*Your objective*.
Using the listing below, output only the lines from the one that contains "Лаптоп HP 820" through the one that contains "contentastro.com – Essential", inclusive, exactly as given and without images.

*Material provided*.
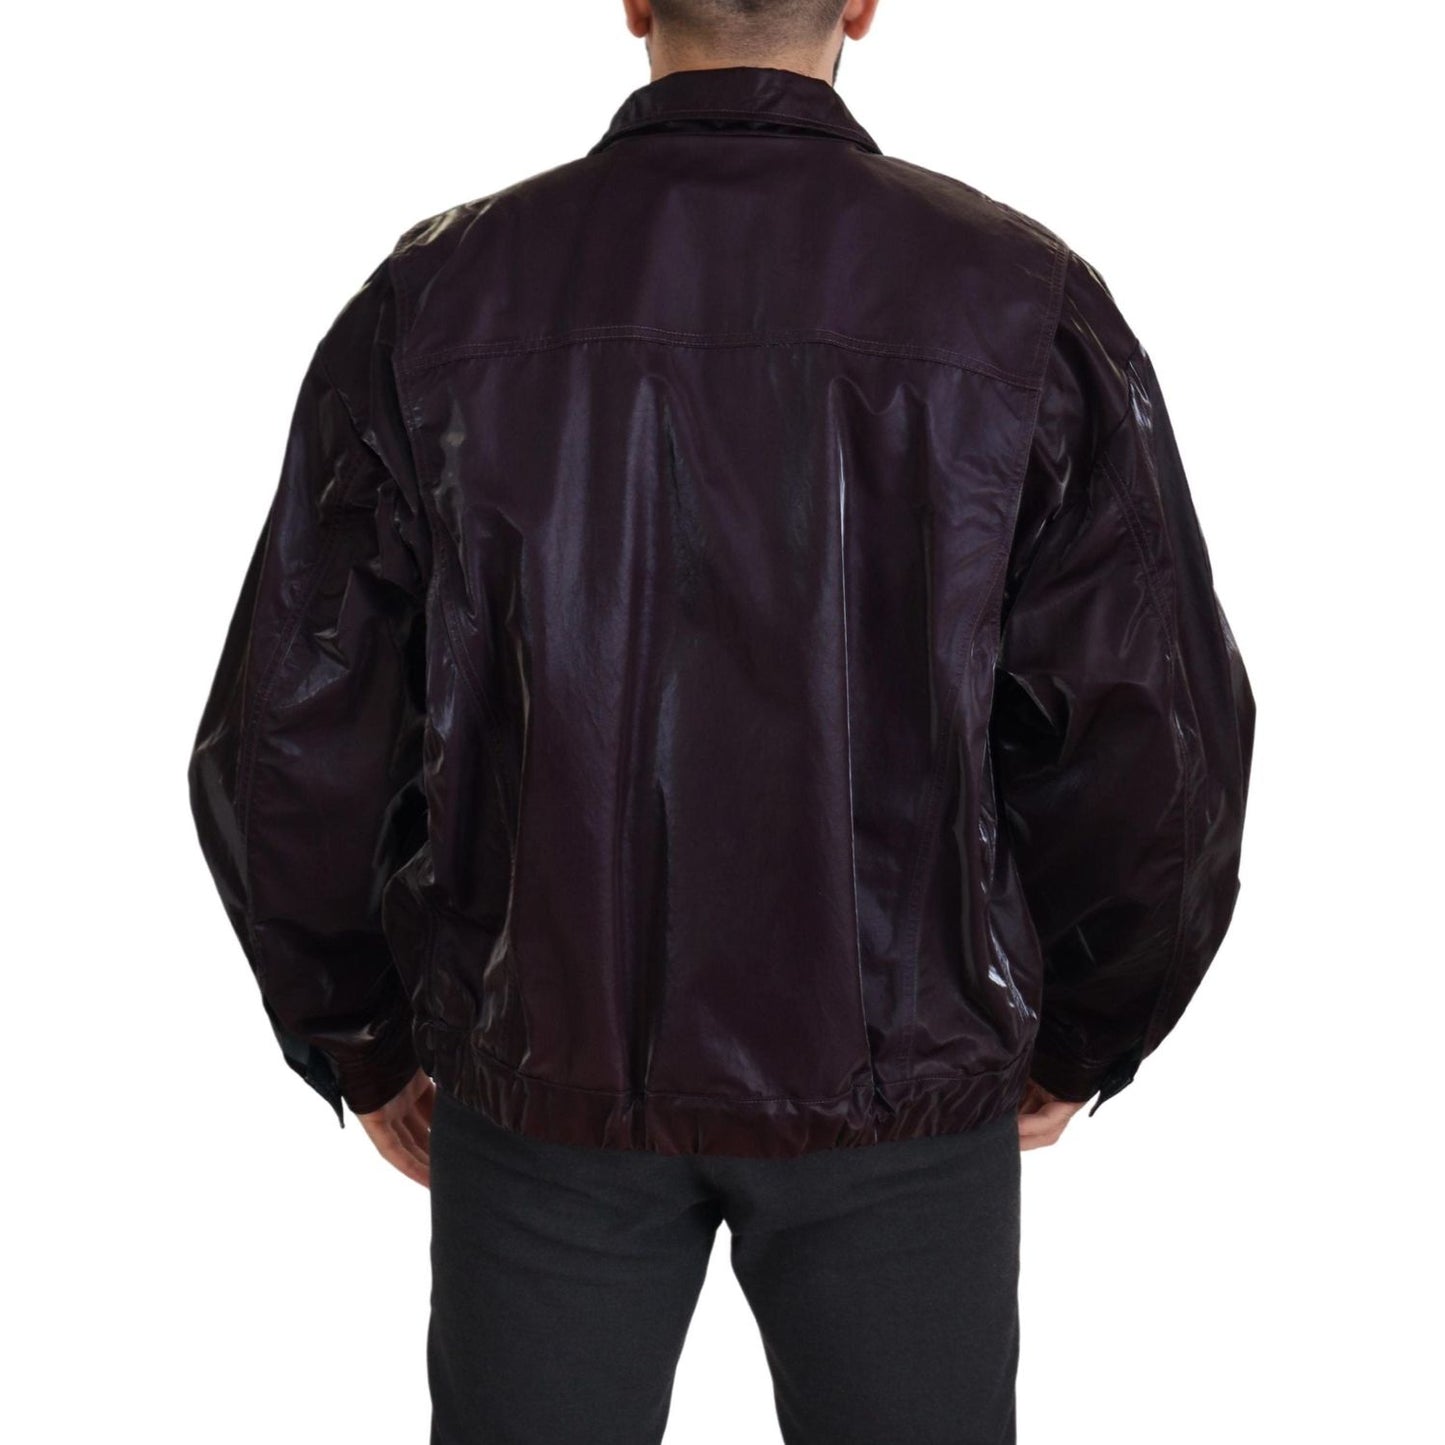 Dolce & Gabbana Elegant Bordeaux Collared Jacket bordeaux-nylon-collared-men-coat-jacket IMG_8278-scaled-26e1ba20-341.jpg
==
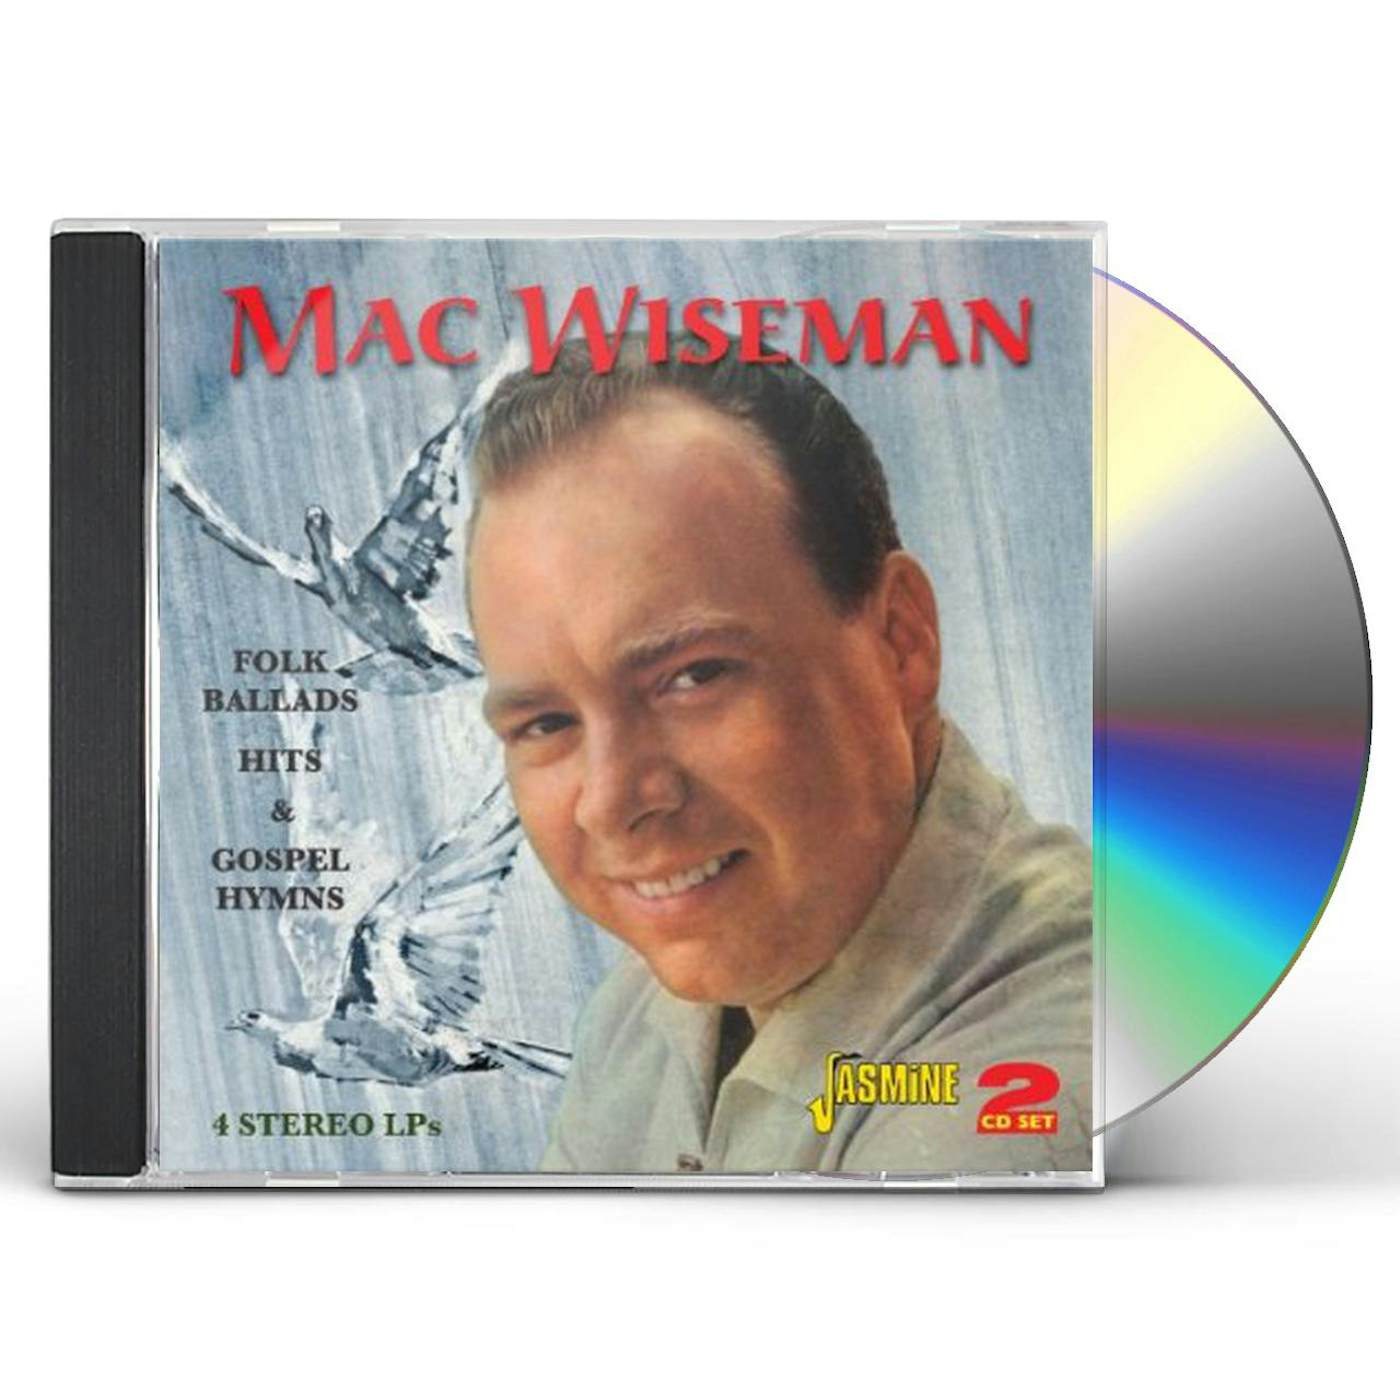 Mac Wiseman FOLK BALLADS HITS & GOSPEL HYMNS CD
==
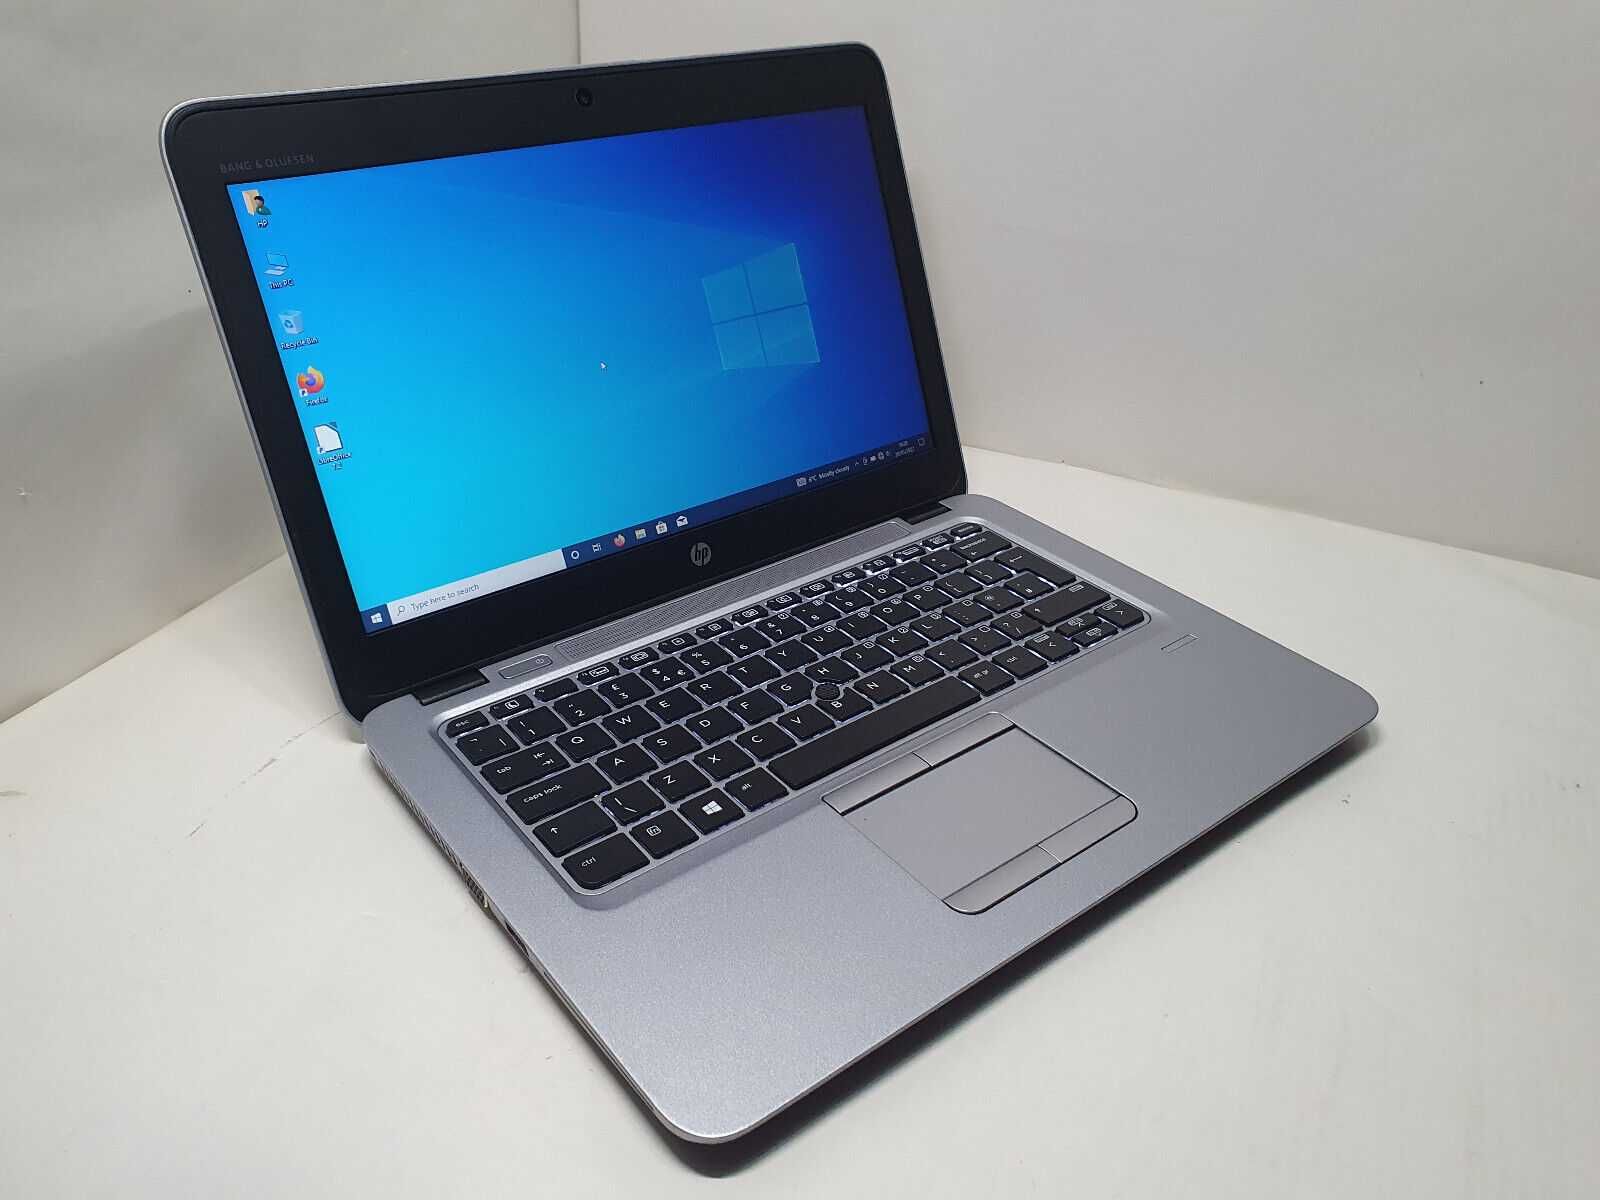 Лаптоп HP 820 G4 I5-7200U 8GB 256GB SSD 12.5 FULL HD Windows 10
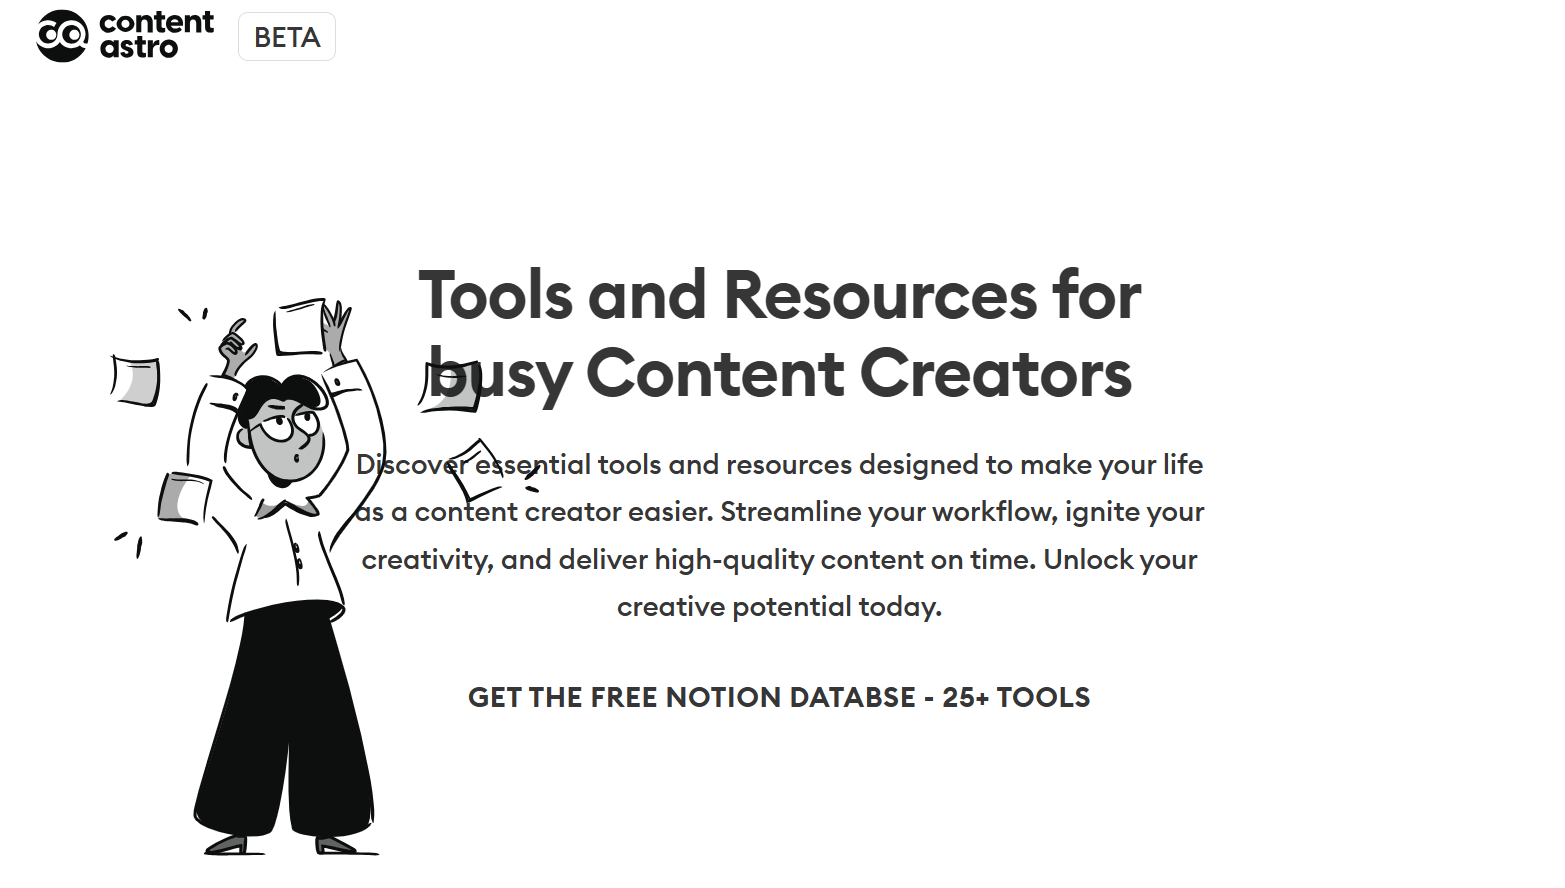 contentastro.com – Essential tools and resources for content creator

*Written answer*.
 Лаптоп HP 820 G4 I5-7200U 8GB 256GB SSD 12.5 FULL HD Windows 10
 contentastro.com – Essential tools and resources for content creator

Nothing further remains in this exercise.